Task requirements: The lines in the listing below are to be given again exactly, starting at the line holding "Clone Wars Season" and ending at the line holding "<p>FAVORITE POLISH (TRADITIONAL)</p>". Do not include pictures.

Data shown:

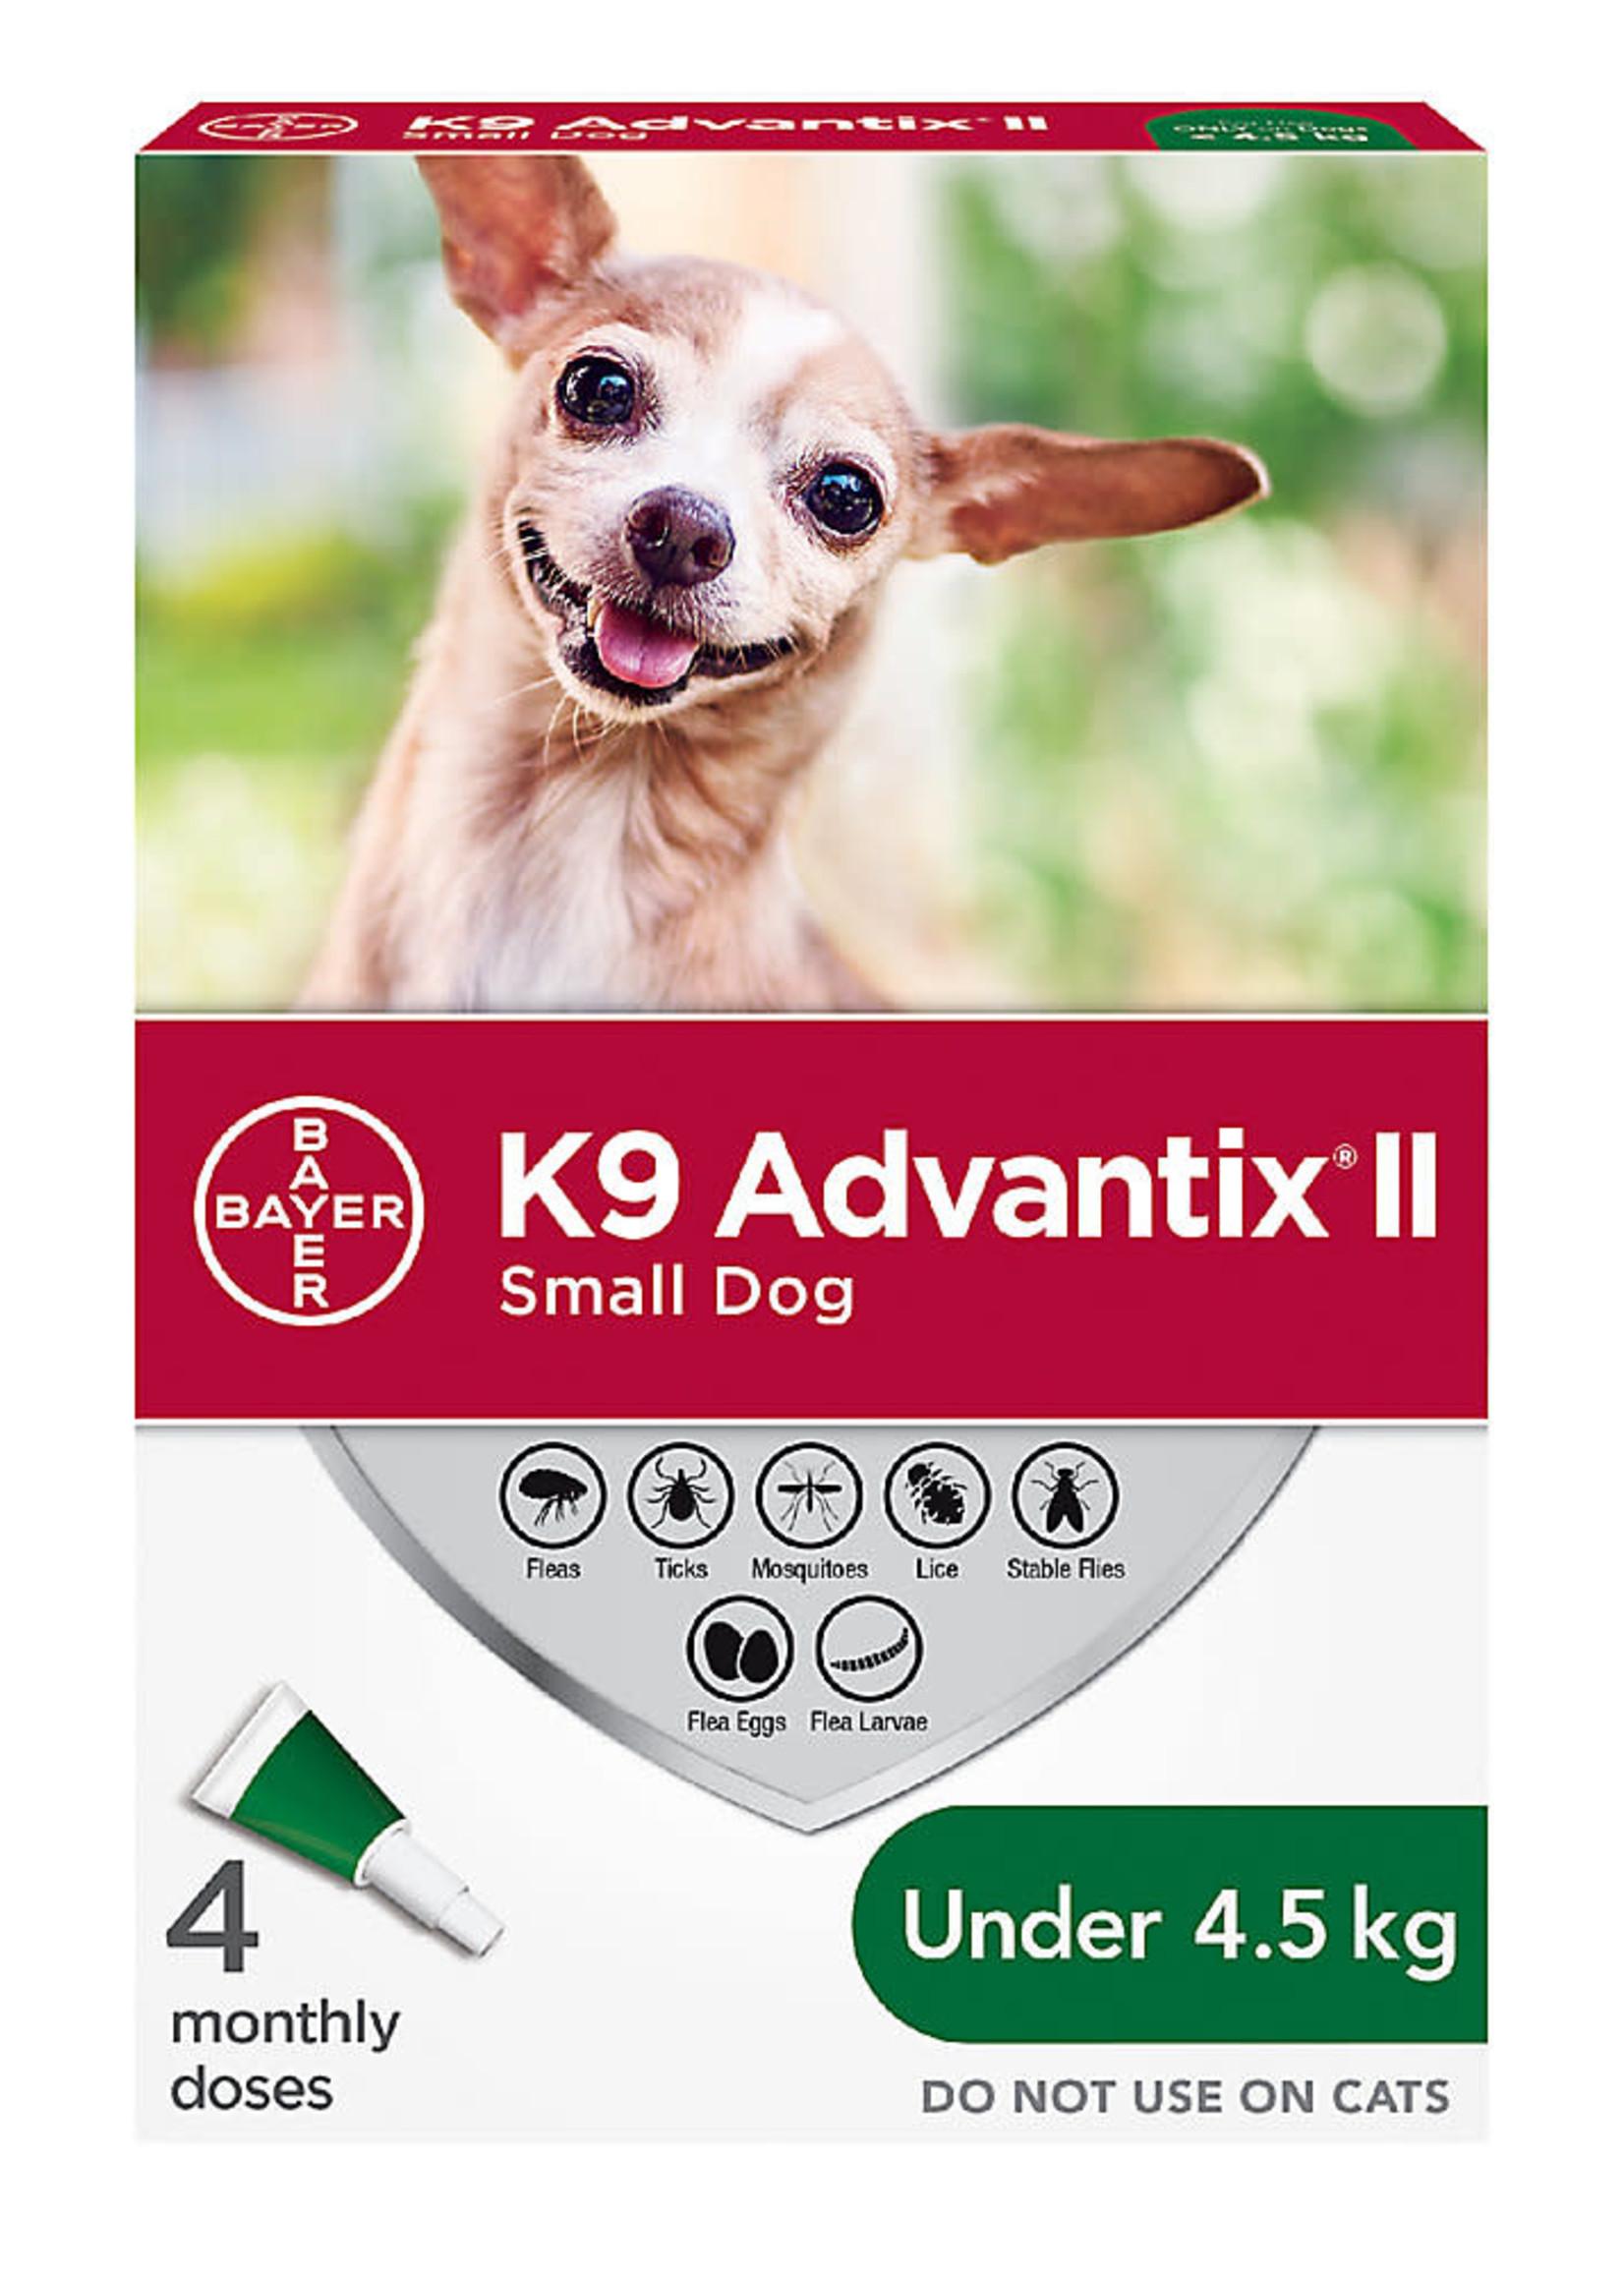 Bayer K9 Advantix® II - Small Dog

...

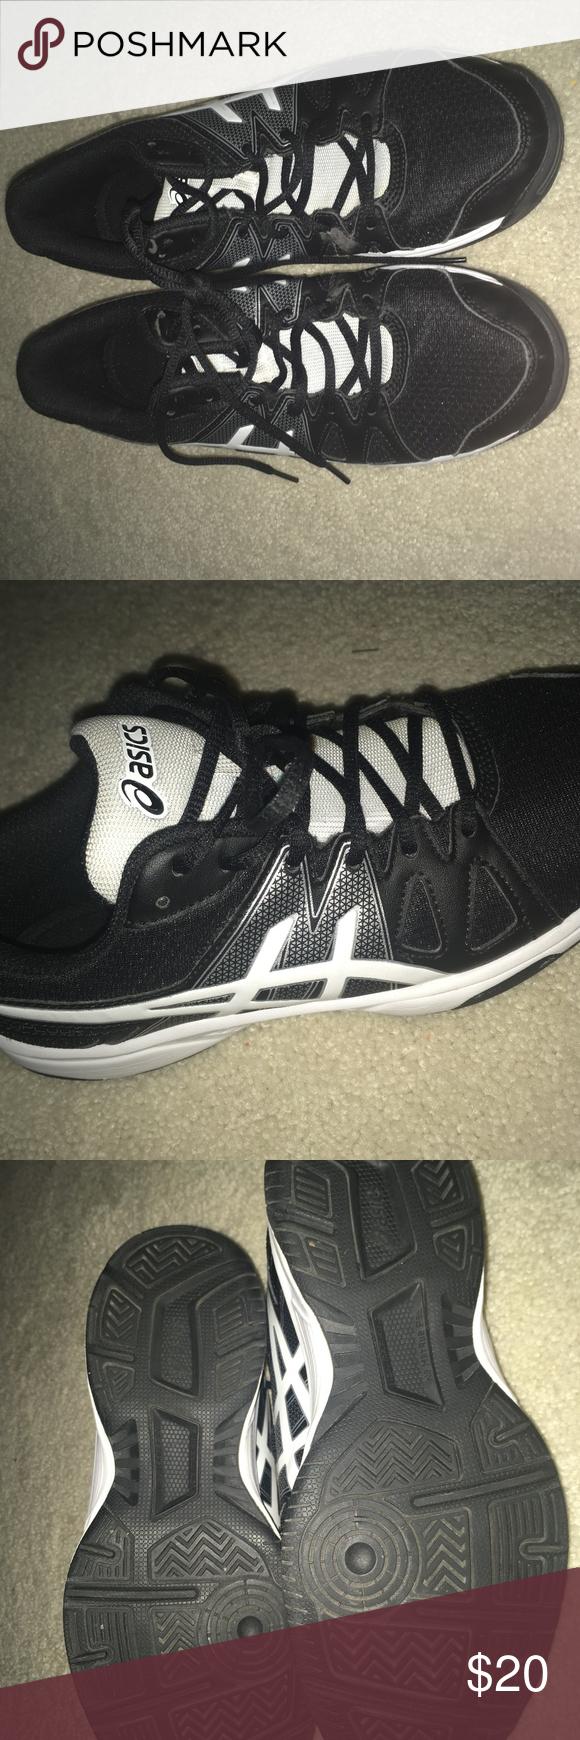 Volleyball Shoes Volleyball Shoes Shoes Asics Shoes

--

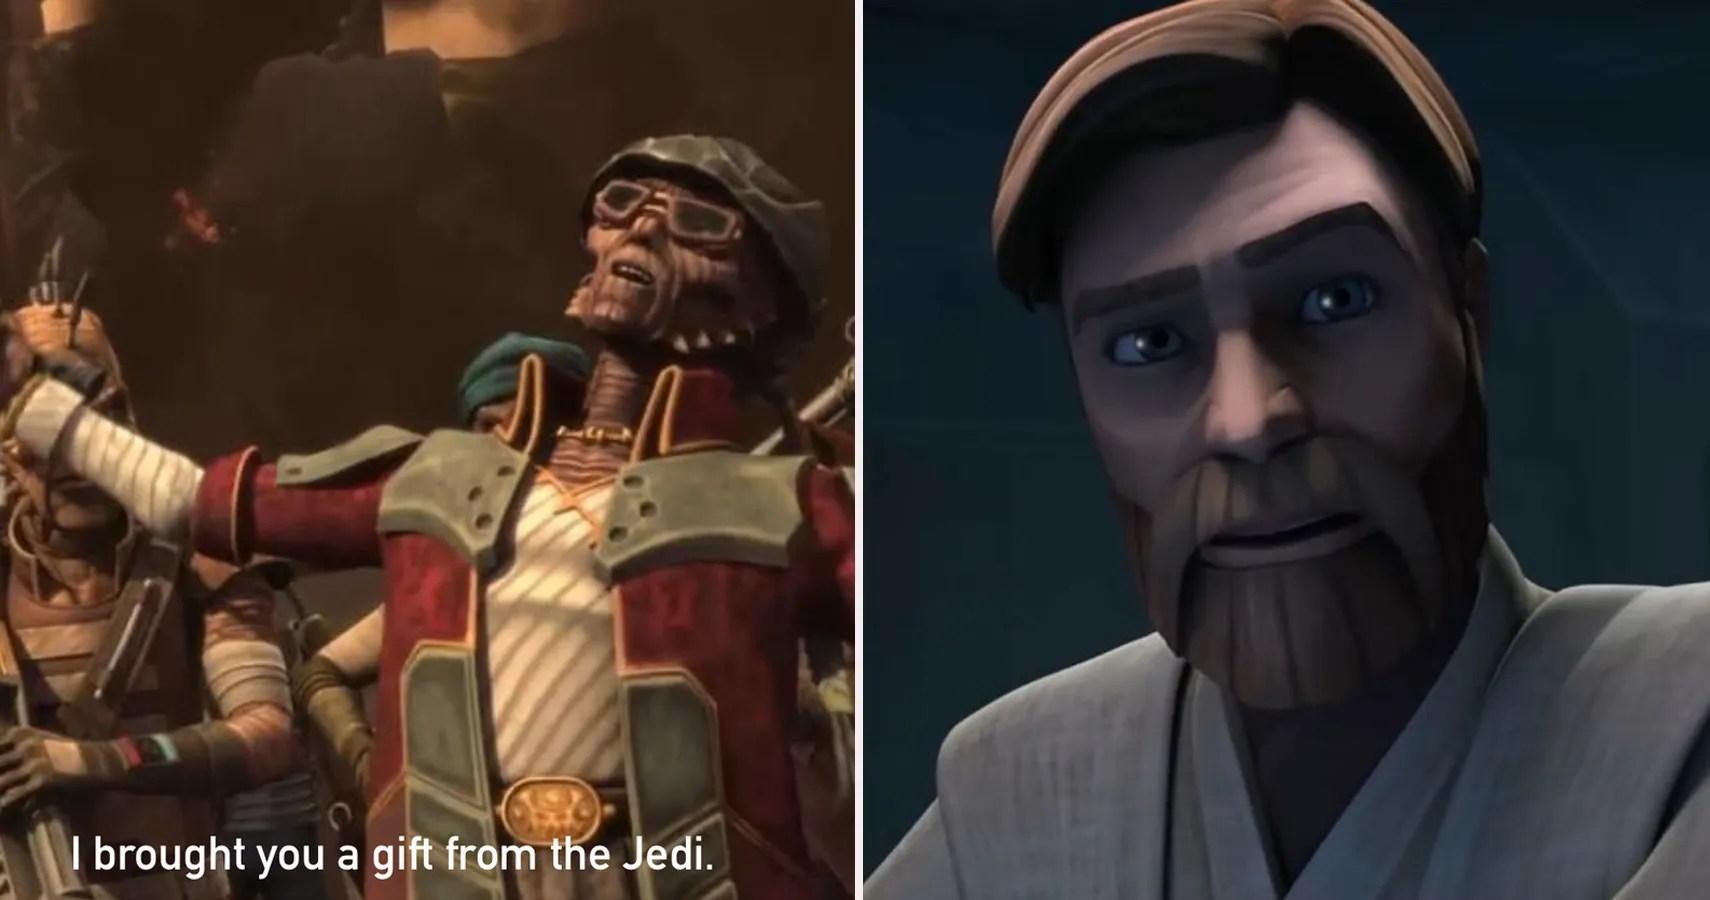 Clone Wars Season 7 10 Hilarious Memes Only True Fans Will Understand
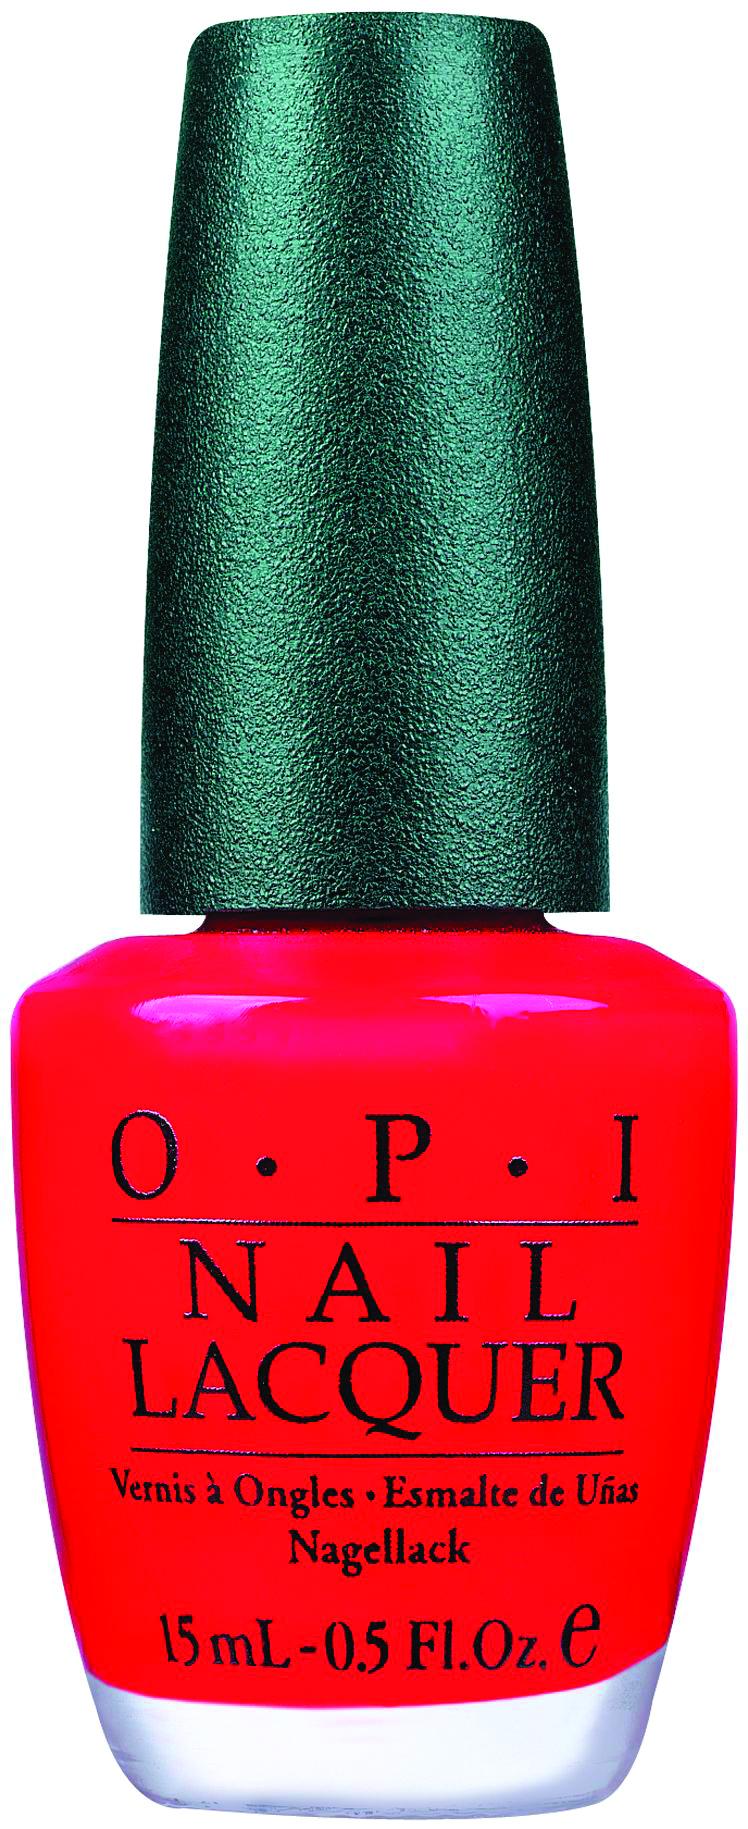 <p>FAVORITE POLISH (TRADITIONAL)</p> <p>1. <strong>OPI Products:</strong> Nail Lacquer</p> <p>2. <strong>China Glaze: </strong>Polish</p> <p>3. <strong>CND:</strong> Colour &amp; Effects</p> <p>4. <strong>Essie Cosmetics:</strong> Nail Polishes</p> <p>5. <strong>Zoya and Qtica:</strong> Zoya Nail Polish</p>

Finished exercise:
 Clone Wars Season 7 10 Hilarious Memes Only True Fans Will Understand
 <p>FAVORITE POLISH (TRADITIONAL)</p> <p>1. <strong>OPI Products:</strong> Nail Lacquer</p> <p>2. <strong>China Glaze: </strong>Polish</p> <p>3. <strong>CND:</strong> Colour &amp; Effects</p> <p>4. <strong>Essie Cosmetics:</strong> Nail Polishes</p> <p>5. <strong>Zoya and Qtica:</strong> Zoya Nail Polish</p>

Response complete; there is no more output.